During the season for active operations a great proportion of the male population was necessarily brought forward to aid His Majesty's troops in the defence of the Province. On this frontier from Lake Ontario to Lake Erie the enemy assembled so great a force that all the militia of the neighboring district were called out.


December 30 1812: Dinner and Cards


After dinner a rubber at Lamb's; then went with Lamb and Burney to Rickman's. Hazlitt there. Cards, as usual, were our amusement. Lamb was in a pleasant mood. Rickman produced one of Chatterton's forgeries. In one manuscript there were seventeen different kinds of e's. "0," said Lamb, "that must have been written by one of the Mob of gentlemen who write with ease."
           — Henry Crabb Robinson writes in his diary for December 30th, 1812 


Or damn all Shakespeare, like th' affected fool
At court, who hates whate'er he read at school.

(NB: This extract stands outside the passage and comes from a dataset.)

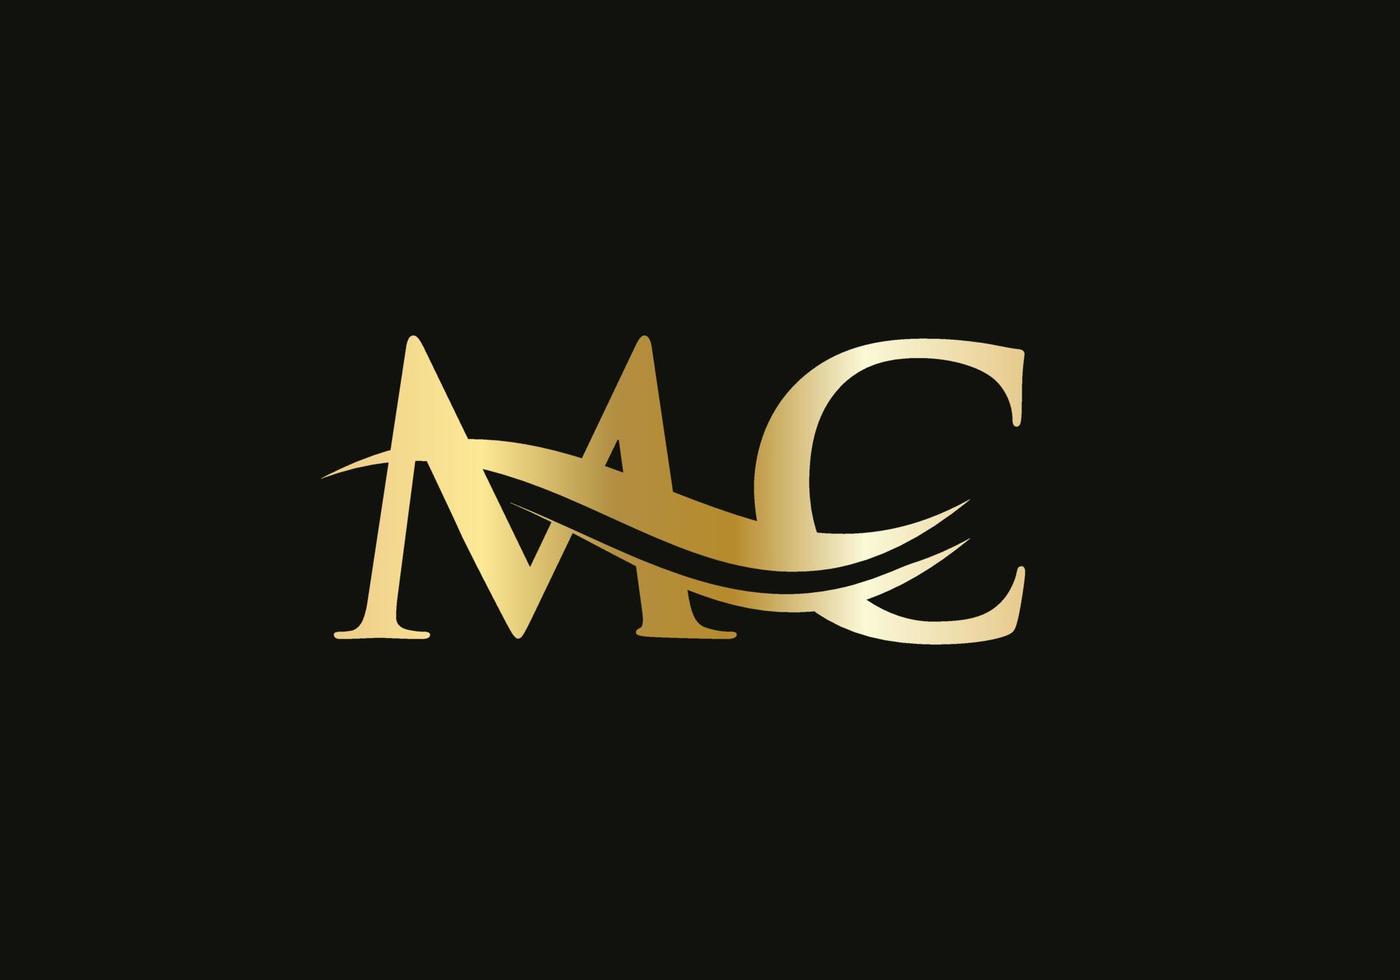 Initial Gold letter MC logo design. MC logo design with modern trendy vector

 But for the wits of either Charles's days,
The mob of gentlemen who wrote with ease;
Sprat, Carew, Sedley, and a hundred more,
(Like twinkling stars the Miscellanies o'er)
One simile, that solitary shines
In the dry desert of a thousand lines,
Or lengthen'd thought that gleams through many a page,
Has sanctified whole poems for an age.

           —  Imitations of Horace by Alexander Pope, 

December 29 1812: Constitution Defeats HMS Java



On December 29 1812, the USS Constitution engages and defeats the HMS Java off the coast of Brazil. The Constitution suffers 34 men killed and wounded. The Java has 150 men killed or wounded. William Bainbridge, the captain of the Constitution, is wounded twice during the battle. Captain Lambert of the Java is killed. The Java cannot be salvaged and is sunk.

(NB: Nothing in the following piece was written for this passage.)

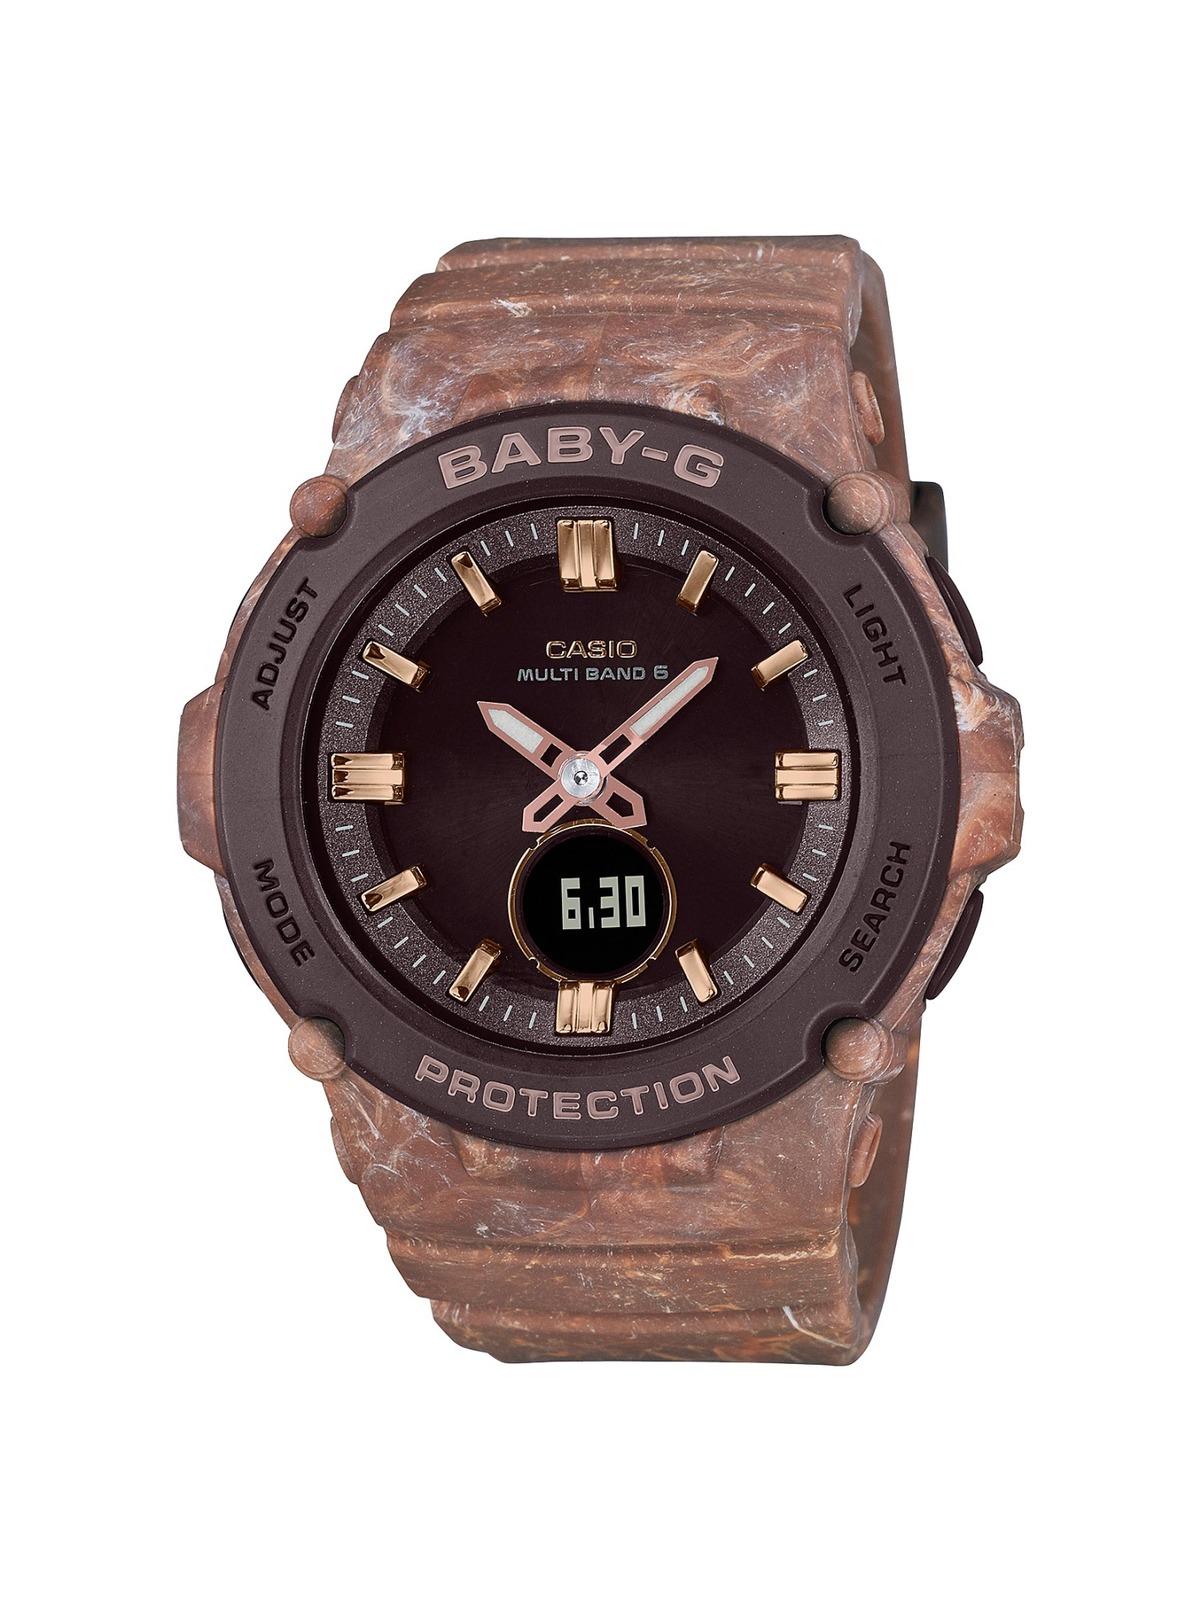 BABY-G“アイスクリーム”着想の腕時計、質感までチョコミントのつぶつぶケース コピー

Theodore Roosevelt wrote about the sea battle in The Naval War of 1812. He described the encounter as follows:

At 9 A.M., Dec. 29, 1812, while the Constitution was running along the coast of Brazil, about thirty miles off shore in latitude 13° 6' S., and longitude 31° W, two strange sail were made, inshore and to windward. These were H. B. M. frigate Java, Captain Lambert, forty-eight days out of Spithead, England, with the captured ship William in company. Directing the latter to make for San Salvador, the Java bore down in chase of the Constitution. The wind was blowing light from the N.N.E., and there was very little sea on.